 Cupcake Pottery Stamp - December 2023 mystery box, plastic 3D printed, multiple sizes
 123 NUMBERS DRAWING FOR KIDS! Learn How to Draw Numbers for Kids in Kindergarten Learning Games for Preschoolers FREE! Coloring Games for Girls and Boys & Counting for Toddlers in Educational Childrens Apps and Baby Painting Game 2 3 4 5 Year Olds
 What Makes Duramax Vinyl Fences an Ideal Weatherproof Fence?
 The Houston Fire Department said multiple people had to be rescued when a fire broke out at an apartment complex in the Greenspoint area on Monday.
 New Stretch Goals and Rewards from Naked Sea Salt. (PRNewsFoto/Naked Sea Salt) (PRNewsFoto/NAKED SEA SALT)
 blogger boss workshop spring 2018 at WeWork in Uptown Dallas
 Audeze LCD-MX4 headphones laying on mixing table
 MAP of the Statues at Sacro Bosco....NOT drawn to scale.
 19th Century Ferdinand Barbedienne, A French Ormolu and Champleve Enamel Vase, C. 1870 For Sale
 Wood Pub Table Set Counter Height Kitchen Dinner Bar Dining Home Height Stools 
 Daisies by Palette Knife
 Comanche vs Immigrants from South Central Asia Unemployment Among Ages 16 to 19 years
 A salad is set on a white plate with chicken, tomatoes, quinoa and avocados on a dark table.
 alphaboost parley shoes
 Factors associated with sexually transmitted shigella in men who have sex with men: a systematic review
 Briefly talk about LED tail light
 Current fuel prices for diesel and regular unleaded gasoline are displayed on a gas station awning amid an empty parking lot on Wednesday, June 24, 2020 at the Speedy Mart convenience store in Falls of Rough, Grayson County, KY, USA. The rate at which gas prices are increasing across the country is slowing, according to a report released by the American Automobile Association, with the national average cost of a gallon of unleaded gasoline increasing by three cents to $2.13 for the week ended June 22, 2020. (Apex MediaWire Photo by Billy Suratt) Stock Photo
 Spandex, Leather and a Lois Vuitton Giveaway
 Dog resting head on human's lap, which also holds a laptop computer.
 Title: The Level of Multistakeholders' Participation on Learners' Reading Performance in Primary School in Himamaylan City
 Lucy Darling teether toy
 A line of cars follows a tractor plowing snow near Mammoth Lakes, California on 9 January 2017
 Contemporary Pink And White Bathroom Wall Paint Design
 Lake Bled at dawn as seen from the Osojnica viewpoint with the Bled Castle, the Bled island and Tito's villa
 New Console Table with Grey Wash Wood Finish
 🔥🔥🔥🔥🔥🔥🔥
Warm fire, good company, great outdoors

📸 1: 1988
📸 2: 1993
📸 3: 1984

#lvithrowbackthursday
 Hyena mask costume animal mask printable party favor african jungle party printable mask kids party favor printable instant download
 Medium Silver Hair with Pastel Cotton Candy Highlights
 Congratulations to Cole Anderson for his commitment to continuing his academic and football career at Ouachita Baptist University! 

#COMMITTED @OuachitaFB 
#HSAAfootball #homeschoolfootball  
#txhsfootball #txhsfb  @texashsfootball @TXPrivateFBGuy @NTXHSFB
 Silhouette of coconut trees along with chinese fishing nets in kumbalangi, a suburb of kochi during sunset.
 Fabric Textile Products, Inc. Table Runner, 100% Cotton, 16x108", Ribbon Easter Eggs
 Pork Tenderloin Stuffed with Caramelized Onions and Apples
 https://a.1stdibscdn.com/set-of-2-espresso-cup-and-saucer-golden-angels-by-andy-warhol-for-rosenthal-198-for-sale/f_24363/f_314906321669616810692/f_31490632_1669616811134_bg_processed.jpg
+ + + + +
» Activity
Output the data exactly, from the first line through the line that holds "Briefly talk about LED tail light", so that no later line appears.

» Answer below
 Cupcake Pottery Stamp - December 2023 mystery box, plastic 3D printed, multiple sizes
 123 NUMBERS DRAWING FOR KIDS! Learn How to Draw Numbers for Kids in Kindergarten Learning Games for Preschoolers FREE! Coloring Games for Girls and Boys & Counting for Toddlers in Educational Childrens Apps and Baby Painting Game 2 3 4 5 Year Olds
 What Makes Duramax Vinyl Fences an Ideal Weatherproof Fence?
 The Houston Fire Department said multiple people had to be rescued when a fire broke out at an apartment complex in the Greenspoint area on Monday.
 New Stretch Goals and Rewards from Naked Sea Salt. (PRNewsFoto/Naked Sea Salt) (PRNewsFoto/NAKED SEA SALT)
 blogger boss workshop spring 2018 at WeWork in Uptown Dallas
 Audeze LCD-MX4 headphones laying on mixing table
 MAP of the Statues at Sacro Bosco....NOT drawn to scale.
 19th Century Ferdinand Barbedienne, A French Ormolu and Champleve Enamel Vase, C. 1870 For Sale
 Wood Pub Table Set Counter Height Kitchen Dinner Bar Dining Home Height Stools 
 Daisies by Palette Knife
 Comanche vs Immigrants from South Central Asia Unemployment Among Ages 16 to 19 years
 A salad is set on a white plate with chicken, tomatoes, quinoa and avocados on a dark table.
 alphaboost parley shoes
 Factors associated with sexually transmitted shigella in men who have sex with men: a systematic review
 Briefly talk about LED tail light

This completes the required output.